Синхронизация клеток — это процесс, посредством которого клетки в культуре на разных стадиях клеточного цикла доводятся до одной и той же фазы. Синхронизация клеток - жизненно важный процесс в изучении клеток, проходящих через клеточный цикл, поскольку он позволяет собирать данные для всей популяции, а не полагаться исключительно на эксперименты с отдельными клетками. Типы синхронизации можно разделить на две группы; физическое фракционирование и химическая блокада.

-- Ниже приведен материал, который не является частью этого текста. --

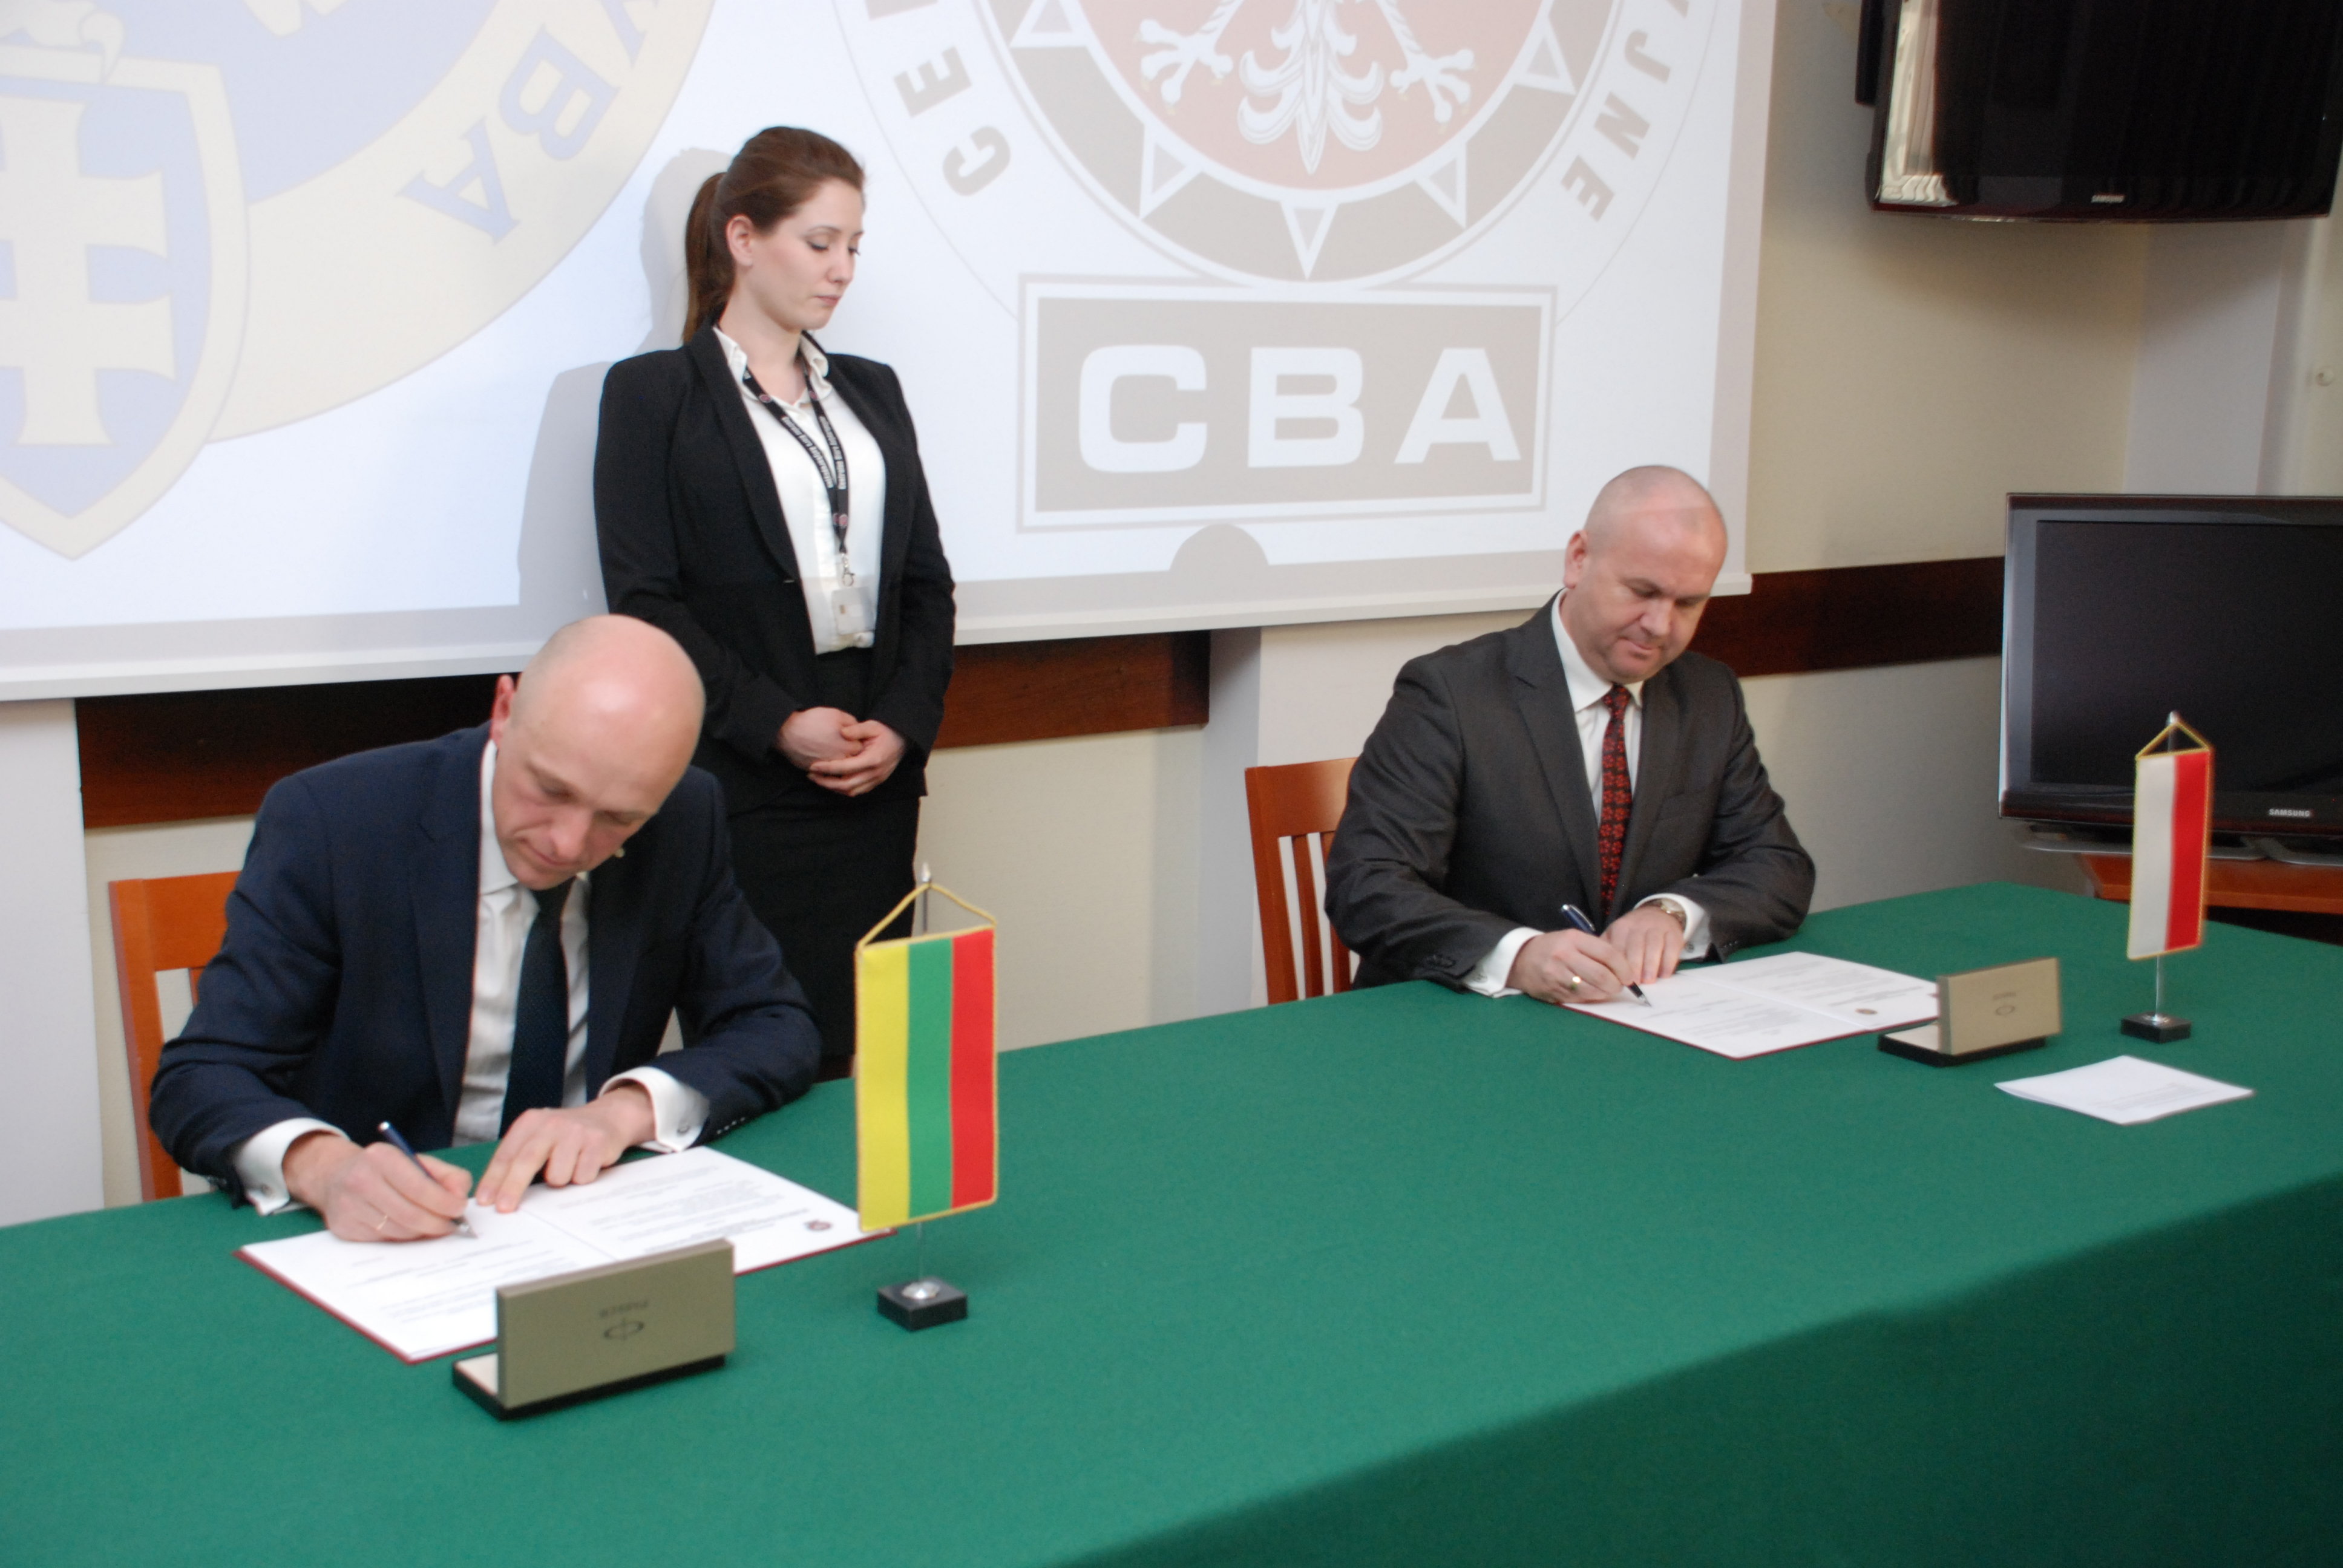 The Head of the Central Anticorruption Bureau and the Director of the Special Investigation Service of the Republic of Lithuania sign a cooperation agreement

Физическое фракционирование — это процесс, при котором непрерывно делящиеся клетки разделяются на фазово-обогащенные популяции на основе следующих характеристик:
Учитывая, что клетки приобретают различную морфологию и поверхностные маркеры на протяжении клеточного цикла, эти признаки можно использовать для разделения по фазам. Есть два широко используемых метода.
(Ранее называлось центрифугированием в противоточном режиме). Центрифужное отмывание можно использовать для разделения клеток на разных фазах клеточного цикла в зависимости от их размера и скорости седиментации (связанной с коэффициентом седиментации ). Из-за последовательного характера роста на протяжении всего клеточного цикла центробежная элютриация может разделить клетки на фазы G1 , S , G2 и M за счет увеличения размера (и увеличения коэффициента седиментации) с уменьшением разрешения между фазами G2 и M из-за клеточной гетерогенности и отсутствия отчетливое изменение размера. [1]
Более крупные клетки оседают быстрее, поэтому клетка в G2, которая испытала большее время роста, будет осаждаться быстрее, чем клетка в G1, и поэтому может быть фракционирована. Клетки, выращенные в суспензии, обычно легче вымываются, поскольку они не прилипают друг к другу и имеют округлую однородную форму. Однако некоторые типы прикрепившихся клеток можно обработать трипсином и ресуспендировать для элютриации, поскольку в суспензии они приобретают более округлую форму. [2]
Проточная цитометрия позволяет обнаруживать, подсчитывать и измерять физические и химические свойства клеток. Клетки суспендируют в жидкости и пропускают через проточный цитометр. Клетки по одной отправляются через лазерный луч, а рассеяние света измеряется детектором. Клетки или их компоненты могут быть помечены флуоресцентными маркерами, чтобы они излучали свет с разной длиной волны в ответ на воздействие лазера, что позволяет собирать дополнительные данные.